# Dgital player help



## stressed_chan (Feb 21, 2009)

ok my Titan digital player/mp4 player has fallen in water and is not responding and i dont know how to fix it.Can someone please help me?


----------



## DonaldG (Aug 23, 2007)

Hi Stressed Chan, Welcome to TSF :wave:

1) take the battery out immediately if you can. If you can't do not switch it on again until you have done the following:
2) If there are any removable panels like battery covers, take 'em off
3) If it was sea (saltwater) rinse it out thoroughly with fresh water.
4) put it into a tea towel tie it in securely with string and then swing it round & round a few times to shake out and water lurking in the innards...
5) then out it in a warm dry location and leave it there for at least 48 hours preferably for longer.

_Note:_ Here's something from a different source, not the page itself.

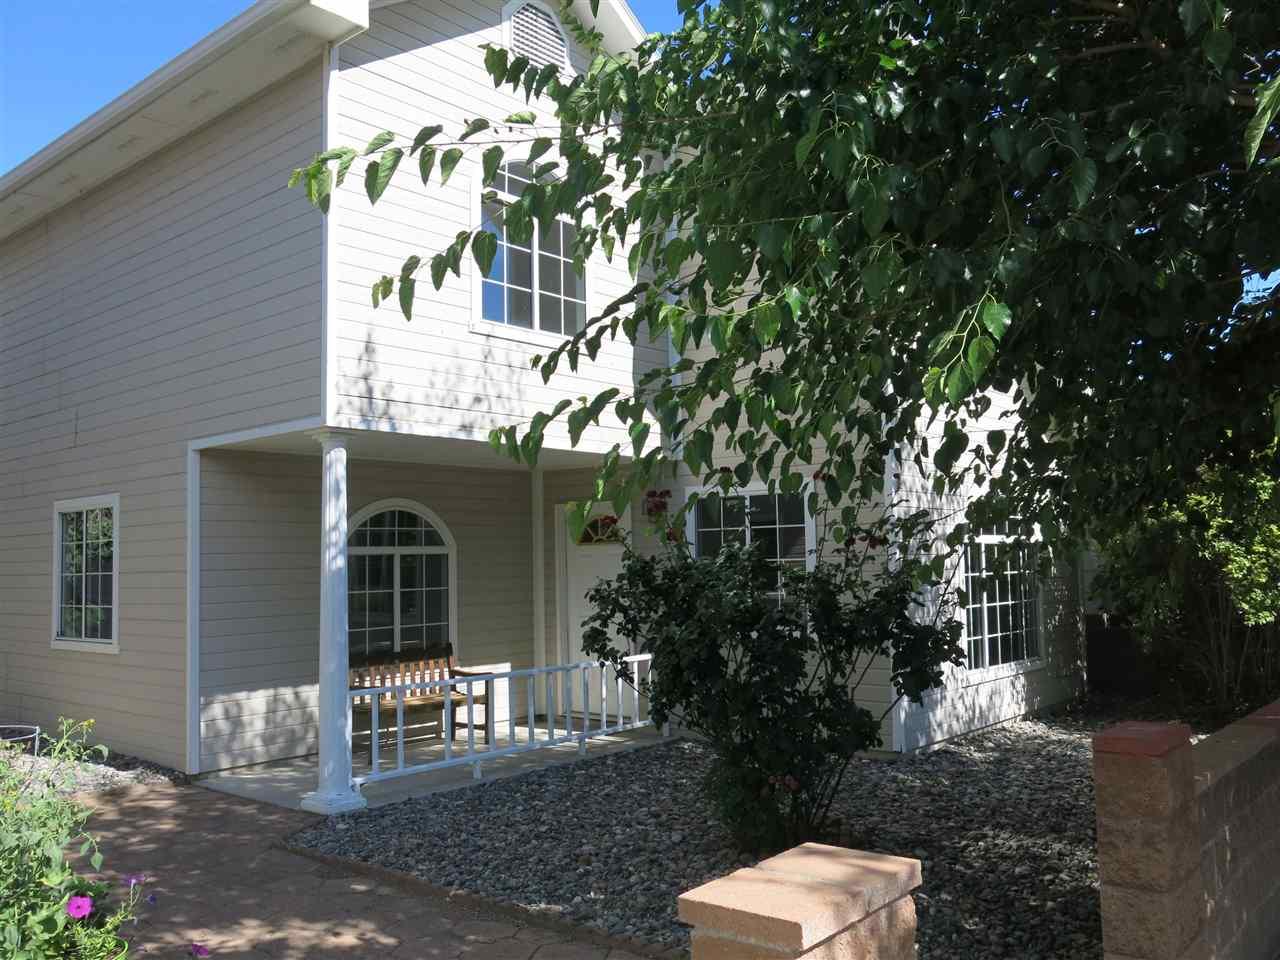 3036 1/2 Stoneybrook Lane, Grand Junction, CO 81504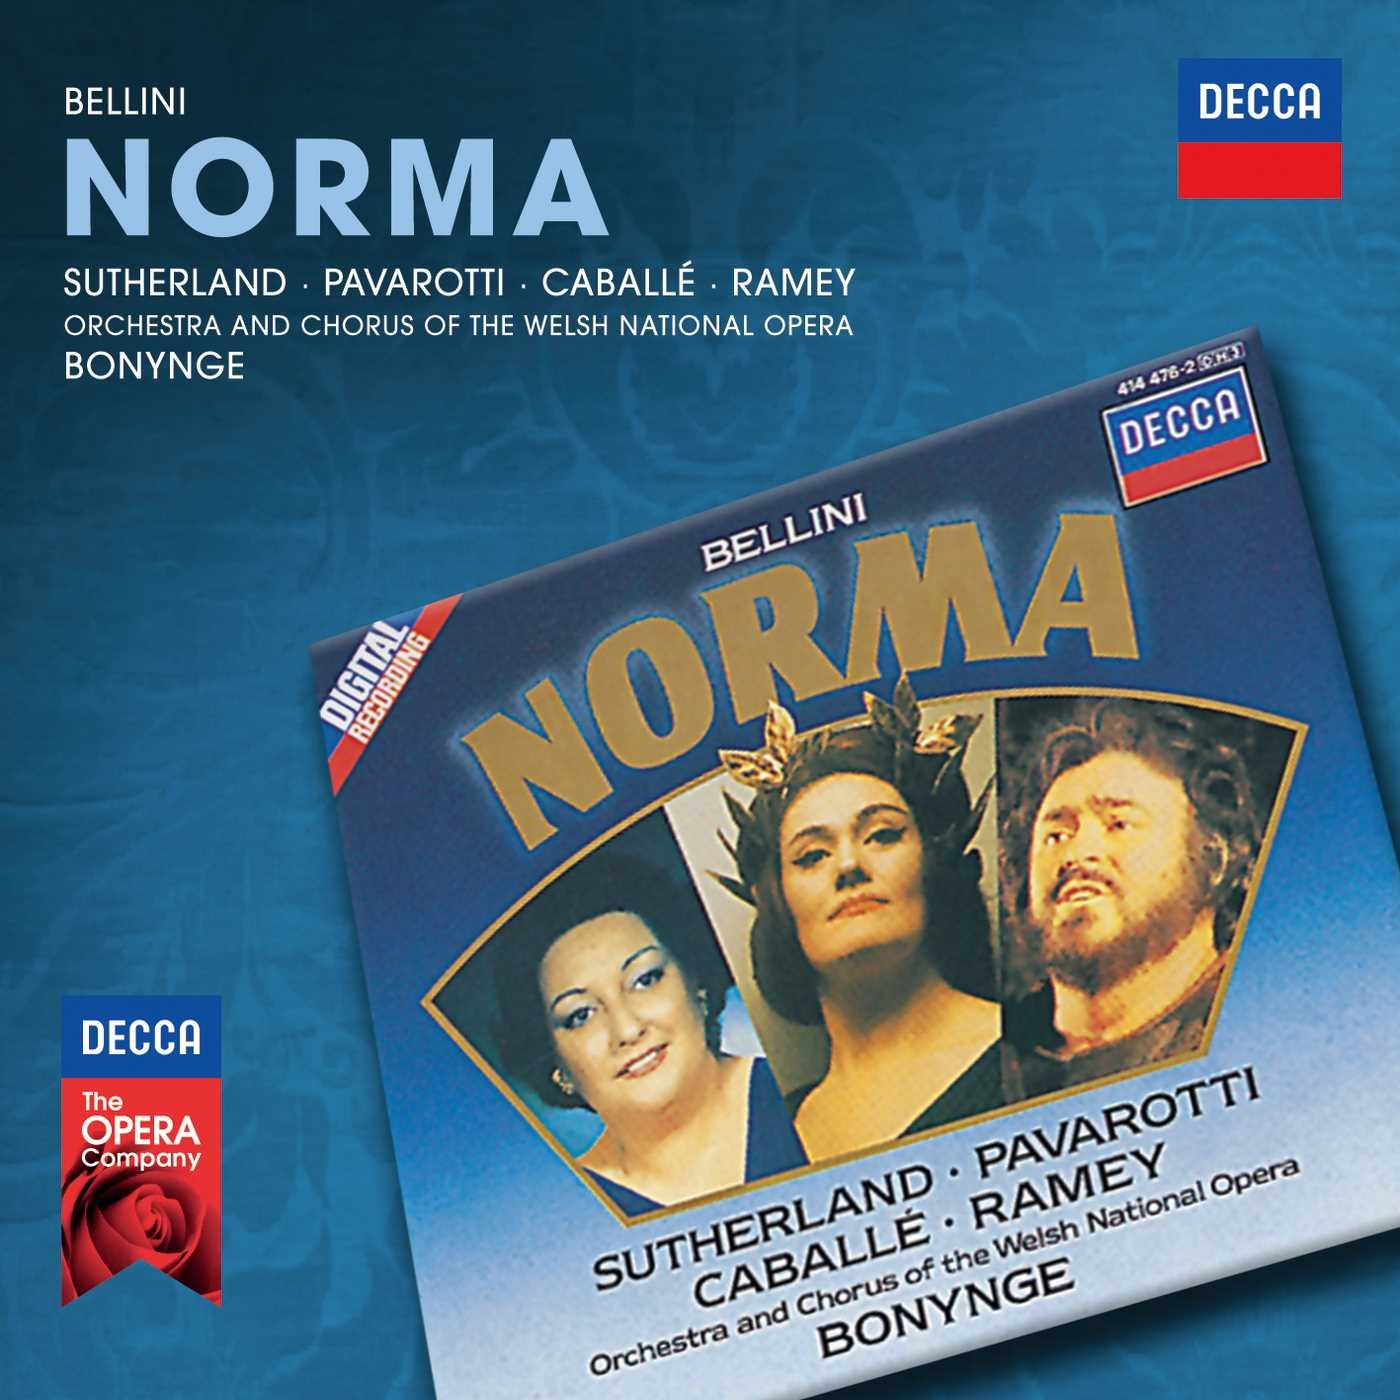 Bellini - Norma / Sutherland · Horne · J. Alexander · R. Cross · LSO · Bonynge

Do not power it up until this time has transpired.

Now a days a brief dunking in water may not do too much damage. most electronic components are well waterproof - the greatest ganger is the battery providing voltage and electrolysis etching copper away (hence needing to get the battery out asap)

With a modicom of luck, it may well be OK.


----------



## stressed_chan (Feb 21, 2009)

thanks for the help donald :smile:
it fell in freshwater and right after i had tried to dry it in a towel and put it in tha sun to dry for about 4 hours or so now it had been 4 days but it is still not working i guess because it had been switched on while trying to dry it
well right now i have charging to see if it will start working after a days worth of charge :sigh:
thanks again for the support:heartlove


----------